I usually write in third-person limited, allowing readers to relate to all of my characters and know their inner thoughts while I hold things back to unfold later in the story. I’d read somewhere that “head hopping” was a big no-no, and I was working on breaking that habit. Only the omniscient narrator can know what every character is thinking, and with third-person limited, I could be inside only one head at a time.

What I hadn’t grasped was the nuance of the limited POV. I realized it the moment Radclyffe asked us to consider the phrase, “She blushed.” Could a character blush if I were writing from her point of view? Er, no. She could feel her face grow warm, see it flush with color in a mirror, or imagine it turning bright red—but she could not blush, because blushing implies a change in color that she cannot observe from inside her face.

To call that a huge breakthrough in my writing might sound silly, but it turned a light on in my darkened brain and made me want to go back and rewrite every book I’d ever done. In fact, when Linda Hill finally gave in to my incessant pleas, I was able to do that with some of my older books before they reappeared with the Bella logo.  These days, every single story I write is laid out with careful attention to who is telling the story, and what they can and cannot reveal. I’ve had the great fortune of working over the last few years with a couple of outstanding editors, Cindy Cresap and Katherine V. Forrest, both sticklers for point of view. I personally think they sadistically enjoy berating a writer who slips every now and then with something like, “She blushed.” But not when it’s more than an occasional slip—it’s tedious work when such inconsistencies run throughout the manuscript, and it’s one of the top reasons for rejections. Put another way, a writer who grasps the nuances of point of view has a far better chance of being published.

The GCLS Con in Dallas will be my ninth! That’s perfect attendance, and each one has sharpened my perspective on what makes a book readable and clear. I’ve become convinced over the years that I don’t actually know it all, and I return each summer with hopes of learning more. And all that stuff you see on Facebook about Karaoke, “gobble-gobble,” author auctions, con virgins, and seeing everybody cleaned up once a year for the Goldie Awards? It’s icing on the cake.


A former teacher and market research consultant, KG MacGregor holds a PhD in journalism from UNC-Chapel Hill. Infatuation with Xena: Warrior Princess fan fiction prompted her to try her own hand at storytelling in 2002. In 2005, she signed with Bella Books, which published the Golden Crown finalist Just This Once. Her sixth Bella novel, Out of Love, won the Lambda Literary Award for Women’s Romance and the Golden Crown Award in Lesbian Romance. She picked up Goldies also for Without Warning, Worth Every Step and Photographs of Claudia (Contemporary Romance), and Secrets So Deep (Romantic Suspense).

Other honors include the Lifetime Achievement Award from the Royal Academy of Bards, the Alice B. Readers Appreciation Medal, and several Readers Choice Awards.

An avid supporter of queer literature, KG currently serves on the Board of Trustees for the Lambda Literary Foundation.

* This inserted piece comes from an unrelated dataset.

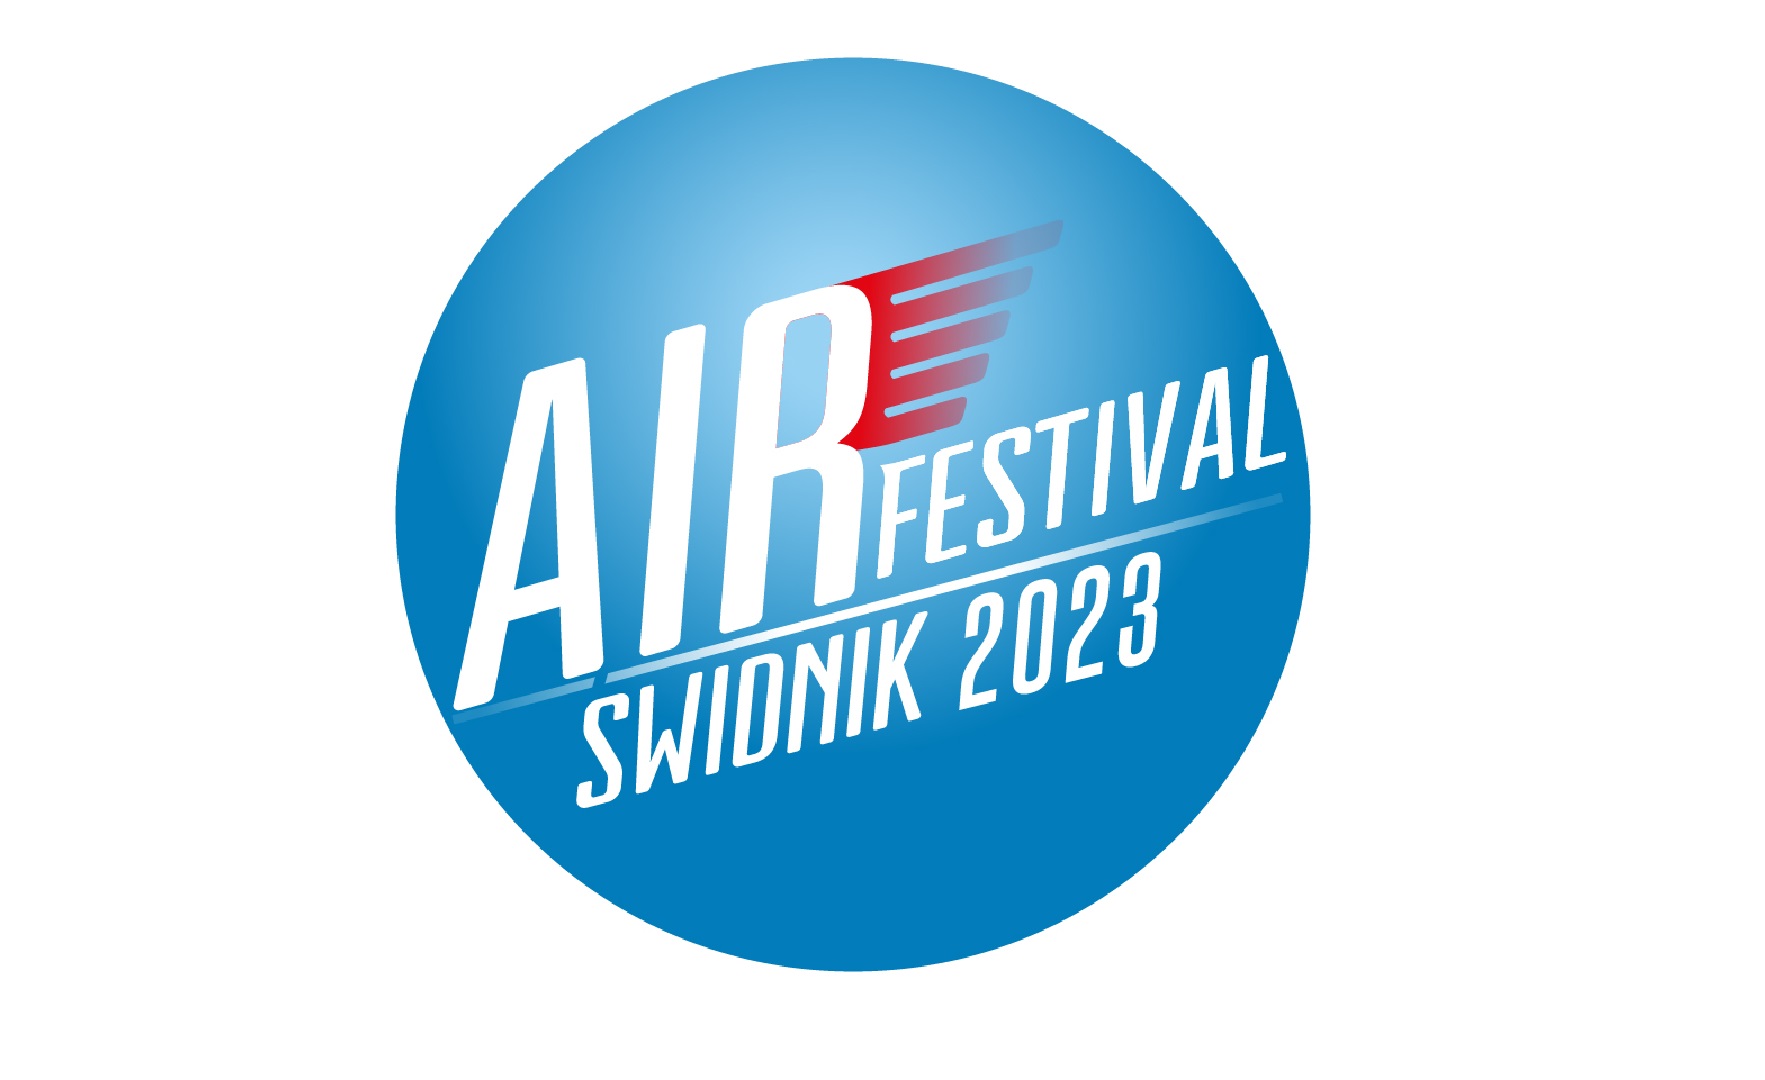 Powrót pociągiem ze Świdnik Air Festival gratis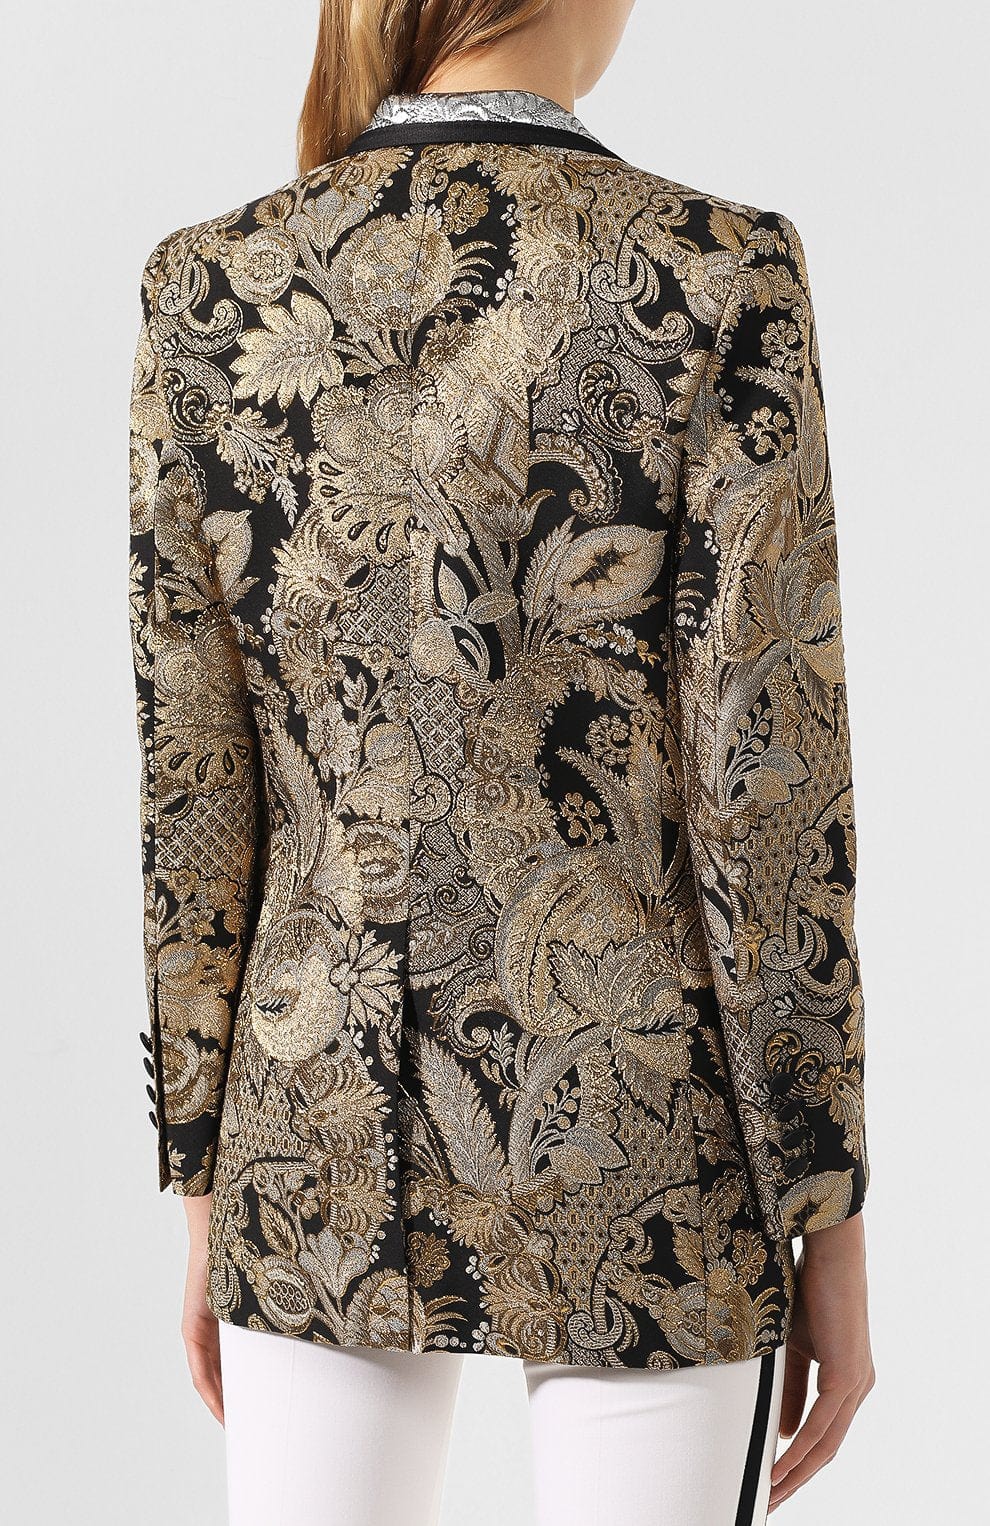 Dolce & Gabbana Jacquard Silk Blazer

She divides her time between Palm Springs and her native North Carolina mountains

2 comments on “GCLS Author Guest Blog: KG MACGREGOR

  1. Sheri Campbell

    As a reader, you published guys have all the writing rules perfect because I never was bothered with point of view nor heard of it until becoming a Dallas Jewell book club and writer club member. I’m proud to claim to be a studious, prolific reader, averaging 3 novels per week with copious notes. Not a wanna be writer. I am happy living my retirement dream.. Hope to shake your hand at GCLS in June. Have read your books, some twice. Thanks for the blog.